The perimeter of a normal house depends on its specific dimensions and shape. For a rectangular house, the perimeter can be calculated by adding the lengths of all sides, using the formula P = 2(length + width). For example, if a house measures 30 feet in length and 20 feet in width, the perimeter would be 100 feet. However, for irregularly shaped houses, the perimeter would require measuring each side individually.
How do you maximize the area given the perimeter?
In the case of a rectangle, you would maximize the area given the perimeter by making the dimensions equal. In other words, you would make the rectangle into a square. However, to truly maximize the area, you would make the perimeter a perfect circle.
What shape has an area of 12 and a perimeter of 16?
The shape that has an area of 12 and a perimeter of 16 is a rectangle. To find the dimensions of the rectangle, you can set up equations using the formulas for area and perimeter. Let the length of the rectangle be L and the width be W. The equations would be: 2L + 2W = 16 (perimeter) and LW = 12 (area). Solving these equations simultaneously will give you the dimensions of the rectangle.
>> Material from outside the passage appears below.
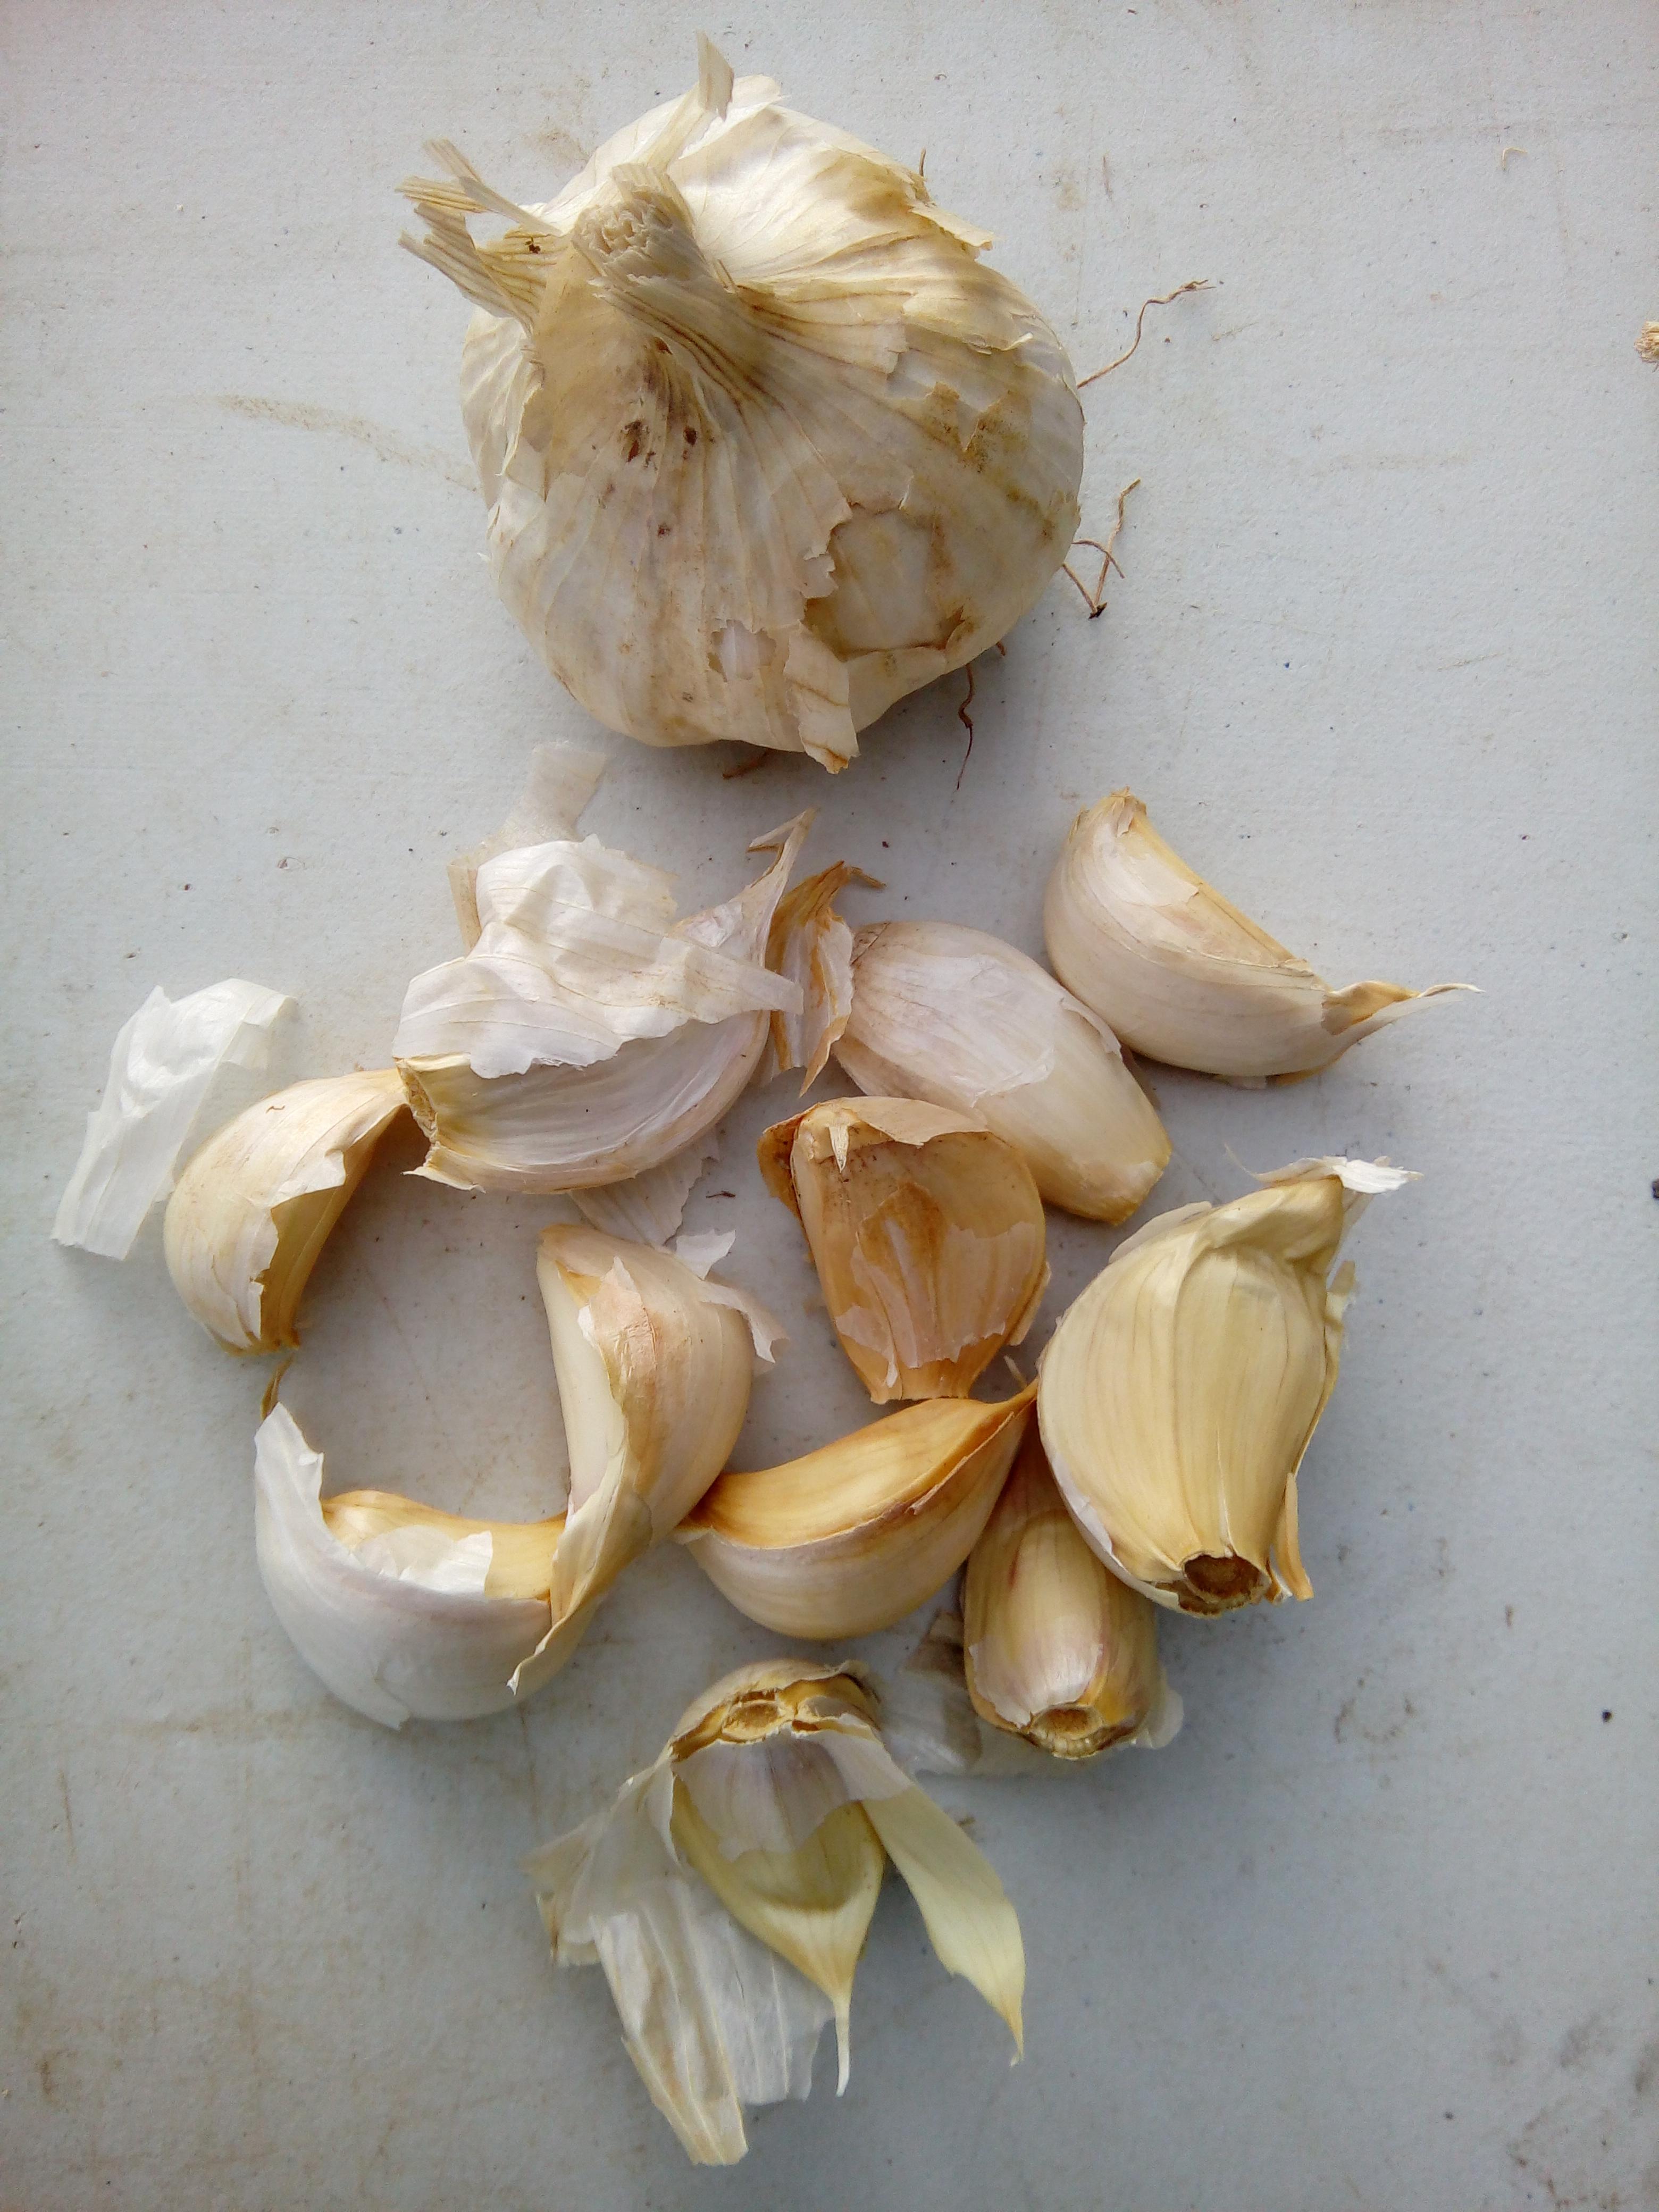 Planting Garlic -  Softneck garlic (no flower/scapes)

How do you solve the problem Nu is disigning a rectangular sandbox The bottom is 16 square feet which dimensions requie the least amount of material for the sides of the sandbox?
Ok, an important part of this is that shapes can be categorized into multiple groups. It goes something like this in this case: Quadrilateral V Rectangle V Square When dealing with shapes, regular polygons always have less perimeter than irregular for the same area. Here, a square would have a perimeter of 16, with 4x4 dimensions; the next closest rectangle would have a perimeter of 20, with dimensions of 8x2; the last rectangle you could make would have a perimeter of 34, with dimensions of 16x1.
What is the perimeter of 5000 square meters?
The area doesn't tell you the dimensions or the perimeter. It doesn't even tell you the shape. The shortest perimeter that could enclose that area would be a circle. The shortest perimeter with straight sides would be a square. If it's a rectangle, then there are an infinite number of them, all with different dimensions and different perimeters, that all have the same area.
What are the perimeter dimensions on 4000 square feet?
They could be almost anything. A strip of land 1 foot by 4000 feet would have a perimeter of 8002 feet. A plot 50 x 80, still 4000 square feet, would have a perimeter of 260 feet.
A triangle-shaped machine part has sides of 212 inches 314 inches and 5 inches. The triangle's perimeter is?
The dimensions given would not form a triangle and so no perimeter is possible
What would be one set of possible dimensions for an isosceles triangle with a perimeter of 12 units?
5, 5 and 2 units
If farmer Dan has 100 feet of fencing write an inequality to find the dimensions of the rectangle with the largest perimeter that can be created using 100 feet of fencing?
To find the dimensions of a rectangle with the largest perimeter using 100 feet of fencing, we can express the perimeter ( P ) of a rectangle in terms of its length ( l ) and width ( w ) as ( P = 2l + 2w ). Since the total amount of fencing is 100 feet, we set up the inequality ( 2l + 2w \leq 100 ). Simplifying this gives ( l + w \leq 50 ). The dimensions that maximize the area (which is a related concept) would be when ( l = w = 25 ) feet, creating a square shape.